Jove
Visualize
Contact Us
JoVE
x logofacebook logolinkedin logoyoutube logo
ABOUT JoVE
OverviewLeadershipBlogJoVE Help Center
AUTHORS
Publishing ProcessEditorial BoardScope & PoliciesPeer ReviewFAQSubmit
LIBRARIANS
TestimonialsSubscriptionsAccessResourcesLibrary Advisory BoardFAQ
RESEARCH
JoVE JournalMethods CollectionsJoVE Encyclopedia of ExperimentsArchive
EDUCATION
JoVE CoreJoVE BusinessJoVE Science EducationJoVE Lab ManualFaculty Resource CenterFaculty Site
Terms & Conditions of Use
Privacy Policy
Policies

Related Experiment Videos

Fast modular network implementation for support vector machines.

Guang-Bin Huang1, K Z Mao, Chee-Kheong Siew

  • 1School of Electrical and Electronic Engineering, Nanyang Technological University, Singapore 639798, Singapore. gbhuang@ieee.org

IEEE Transactions on Neural Networks
|December 14, 2005
PubMed
Summary
This summary is machine-generated.

Related Concept Videos

You might also read

Related Articles

Articles linked to this work by shared authors, journal, and citation graph.

Sort by
Same author

Artificial Intelligence Diagnosis of Obstructive Sleep Apnea Using Overnight Pulse Oximetry: A Systematic Review and Bayesian Meta-Analysis.

Journal of medical Internet research·2026
Same author

Human-Structure-Aware Token Position Embedding for Tokenized Pose Estimation.

IEEE transactions on image processing : a publication of the IEEE Signal Processing Society·2026
Same author

Artificial Intelligence Diagnosis of Obstructive Sleep Apnoea using Overnight Pulse Oximetry: A Systematic Review and Bayesian Meta-Analysis.

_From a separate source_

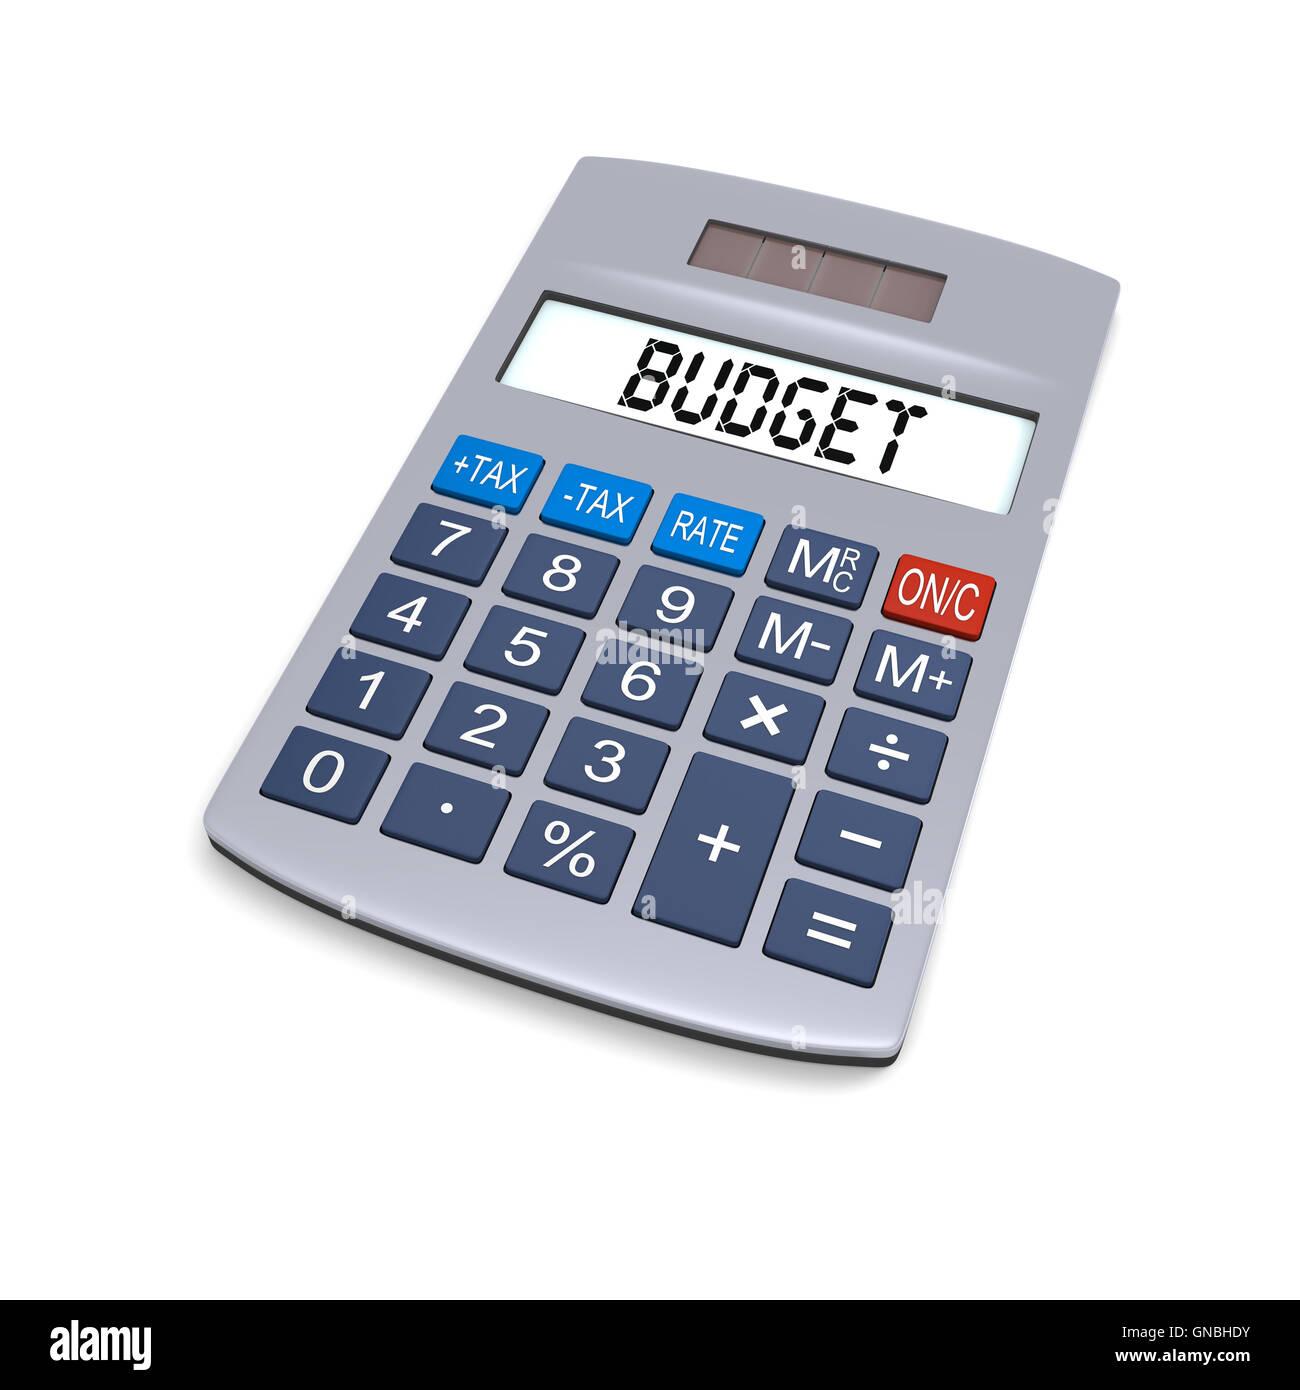 Budget calculator - Stock Image

Journal of medical Internet research·2026
Same author

GraphLooper: predicting chromatin loops based on hierarchical multi-view graph pooling method.

Briefings in bioinformatics·2026
Same author

LMSCDA: A Secondary Structure Enhanced Language Model for Predicting CircRNA and Disease Associations.

IEEE journal of biomedical and health informatics·2026
Same author

Multi-species integration, alignment and annotation of single-cell RNA-seq data with CAMEX.

Nature communications·2026

This study introduces a novel modular network architecture using multiple Support Vector Machines (SVMs) to efficiently handle large, complex datasets. This approach significantly speeds up training time for SVM algorithms without compromising performance.

Area of Science:

  • Machine Learning
  • Artificial Intelligence
  • Computational Science

Background:

  • Support Vector Machines (SVMs) are widely applied but struggle with large, complex datasets due to computationally intensive training.
  • Training SVMs involves algorithms with at least quadratic complexity relative to the number of training examples, limiting scalability.

Purpose of the Study:

  • To propose a new, efficient network architecture for Support Vector Machines (SVMs) to overcome computational challenges in large-scale problems.
  • To reduce the learning time of SVM algorithms while maintaining generalization performance.

Main Methods:

  • Developed a modular network architecture comprising multiple SVMs, each trained on distinct subregions of the data space.
  • Integrated simple neural quantizer modules to manage SVM outputs, ensuring only a single local SVM is active at any time.

Related Experiment Videos

  • Implemented a region-computing based approach for modular networks.
  • Main Results:

    • The proposed modular network architecture significantly reduces the computational time required for training SVMs on large datasets.
    • Experimental results on benchmark problems demonstrate substantial speed improvements compared to single SVMs.
    • Generalization performance was largely maintained, showing minimal sacrifice despite the efficiency gains.

    Conclusions:

    • The region-computing based modular network method offers an efficient alternative for applying SVMs to large and complex problems.
    • This approach effectively addresses the scalability limitations of traditional SVM training algorithms.
    • The method provides a practical solution for faster machine learning model development without significant performance trade-offs.